Family of 11-year-old Mississippi boy shot by police officer calls for release of bodycam footage
The family of an 11-year-old Mississippi boy who was shot and wounded by a police officer who was responding to a 911 call to their home last weekend has demanded the release of police bodycam footage.
"The family deserves answers and they deserve it sooner than later because you had an 11-year-old boy within an inch of losing his life," the family's attorney Carlos Moore told CBS News.
Moore said that the family has asked the Mississippi Bureau of Investigation (MBI) for the bodycam footage of Aderrien Murry being allegedly shot in the chest early Saturday morning by an Indianola police officer. The bureau, Moore said, won't release the footage while the investigation is ongoing.
Body camera footage can provide crucial evidence about what happened in an incident, but laws don't compel release of the footage to the public, according to the National Conference of State Legislatures.
"That's unacceptable," Moore said, and he believes investigators won't release the footage "because it shows things that are damaging to the city of Indianola." Known as the "Crown of the Delta," Indianola is located in the Mississippi Delta and has 10,683 full-time residents.
An Indianola Police Department officer came to the family's home after the child called the police for a domestic incident, his mother Nakala Murry said.
Her daughter's father knocked on the door around 4 a.m. on May 20 and "stated he was irate," said Murry, while her children and nephew were sleeping in bed.
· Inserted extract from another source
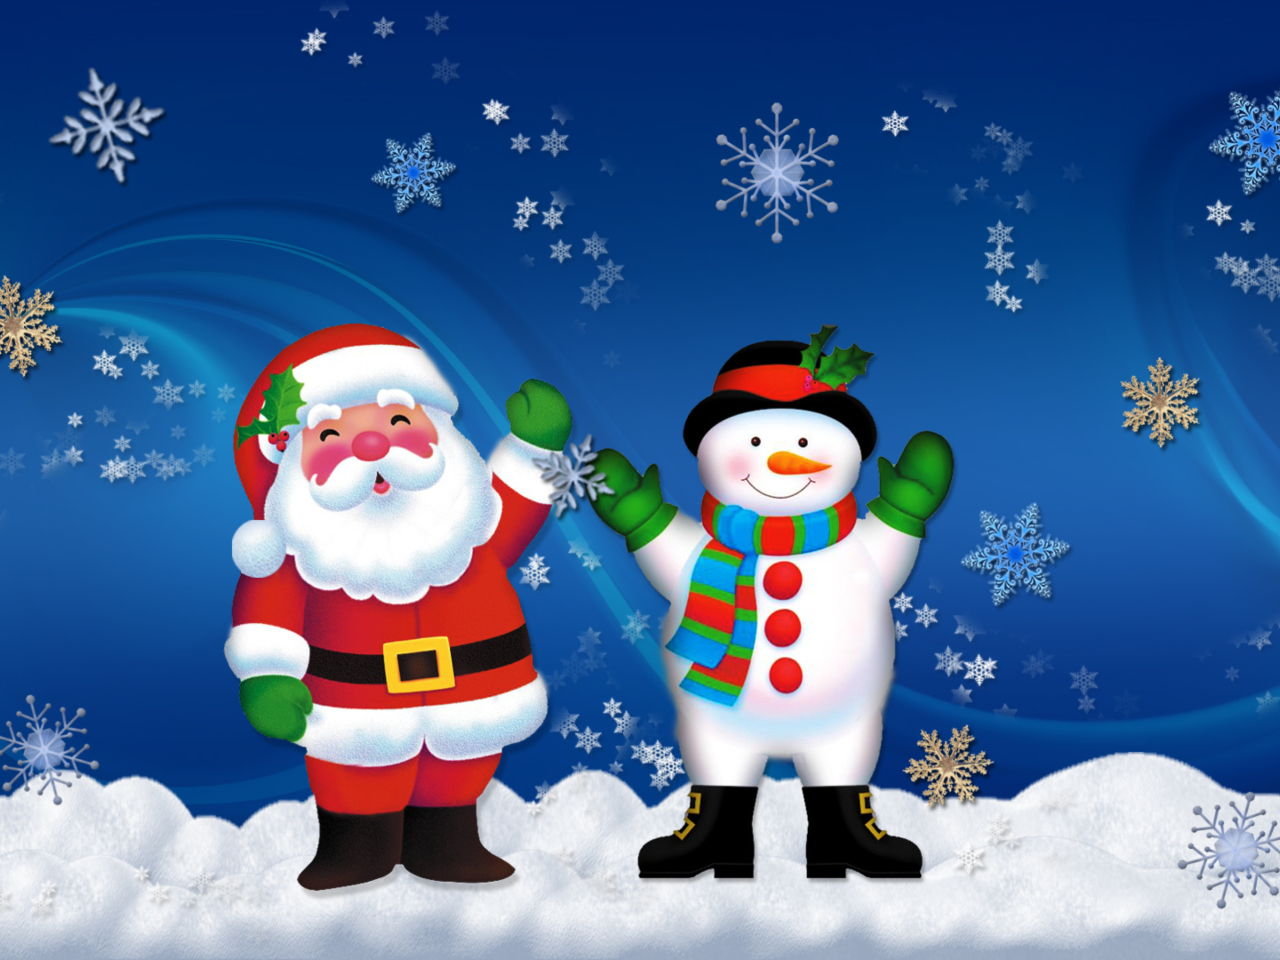 Das Hoo Hoo Christmas Wallpaper 1280x960

She told CBS News she gave her cell phone to her son and asked him to call her mother and the police.
Her son called the police first, and then called his grandmother, and was "trying to help protect his mom," Moore said, adding that Aderrien told 911 dispatch that the man did not have a gun.
Police arrived at the house, and at first they knocked on the door, but then kicked the door open, the family recounted.
An officer yelled, "Anyone that's in the house come out with your hands up!" Murry recalled.
Aderrien heard the order and went out of his room towards the living room, the family said. As he got into the living room he was shot by the same officer who told him to come out, Moore said.
Murry said her son fell to the ground, and then she held him and tried to compress his bullet wound.
"He started singing gospel. He started praying," Murry said.
Aderrien was airlifted to the University of Mississippi Medical Centre in Jackson where he was diagnosed with having a collapsed lung, lacerated liver and fractured rib, and put on a ventilator, the family said. He was released on Wednesday from the hospital, his family said.
Indianola police confirmed that Officer Greg Capers was involved in the shooting and is employed by the department, but referred any other questions to MBI.
MBI told CBS News it is currently assessing the incident and gathering evidence. Due to this being an open and active investigation, no further comment will be made, the agency said.
Request for comment from Indianola Mayor Ken Featherstone about the incident was not immediately returned.
Indianola is located about 90 miles north of Jackson.